An estimation error regarding state reimbursement of school construction costs required a $966,000 transfer from the town's reserve funds.

When Tokeneke Elementary School and Darien High School were constructed in the early 2000s, the town received an estimate outlining how much of the costs would be reimbursed by the state, Director of Finance Kate Buch said. However, after the state conducted an audit, the number of eligible costs for reimbursement were significantly reduced.

"The question is what will they [the state] deem eligible. In our estimates, what we thought would be eligible was ineligible. It wasn't until the audits were done that we found out," Buch said. "We did have an issue with the high school because there were some change orders that weren't properly filed. We fought with the state and got that adjusted, but by the time we found out estimates were off we couldn't go back and bond more."

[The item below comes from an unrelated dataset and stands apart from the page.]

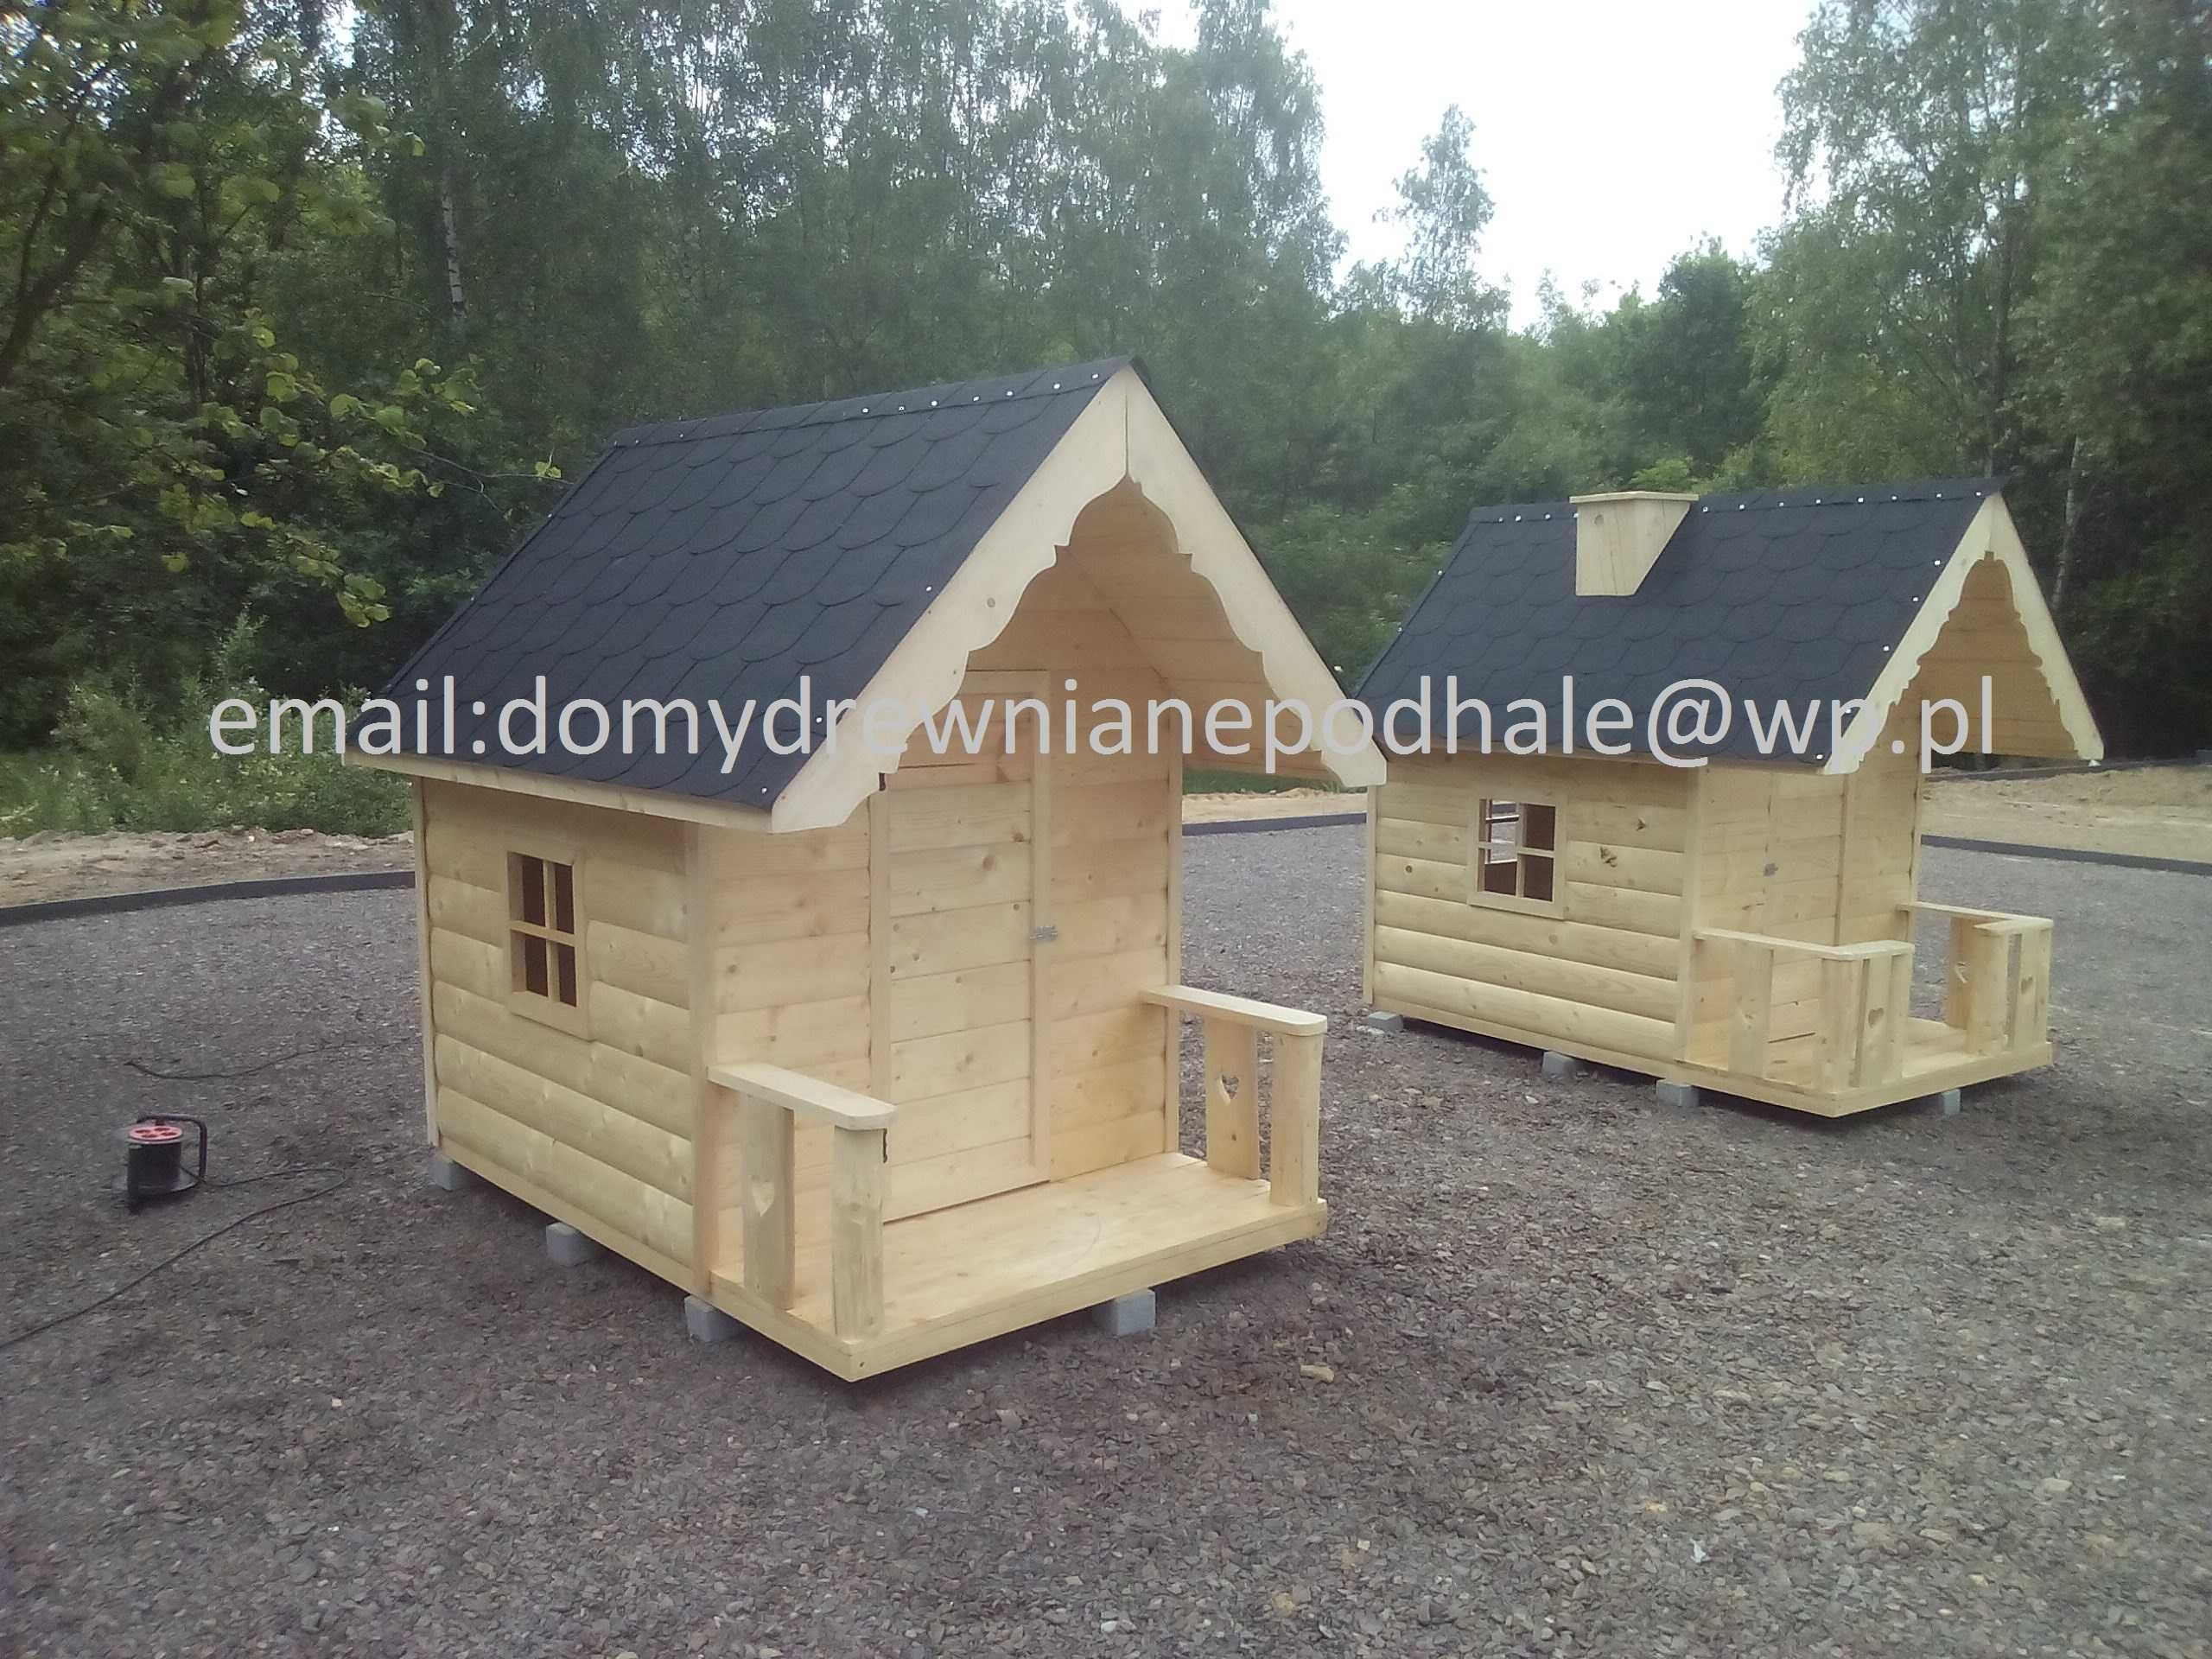 Deska gruba świerkowa + konstrukcja domek dla dzieci drewniany stylowy

Liz Mao, chairman of the Board of Finance, said it was appropriate to transfer money from the reserve fund to the construction accounts because that is the purpose of having a reserve fund. However, she noted the BOF has a policy of not draining the reserve fund too low.

"The BOF has policy to keep that reserve fund at 10 percent of budgeted expenditures," Mao said. "We will quickly be bringing it down. Currently it's about $17.2 million. We're bringing $1 million out for Weed Beach plus $900,000 for the Darien High School and Tokeneke building fund."

The total amount of money that needed to be transferred was $964,655.40. Of that amount, $283,585.46 would go into the DHS construction account and $681,069.94 would go into the Tokeneke construction account.

Mao also noted the money represented an error in the estimate for state reimbursement and not cost overruns for the projects. She also said the general practice for the BOF when it receives a state grant is to funnel the money into the town coffers.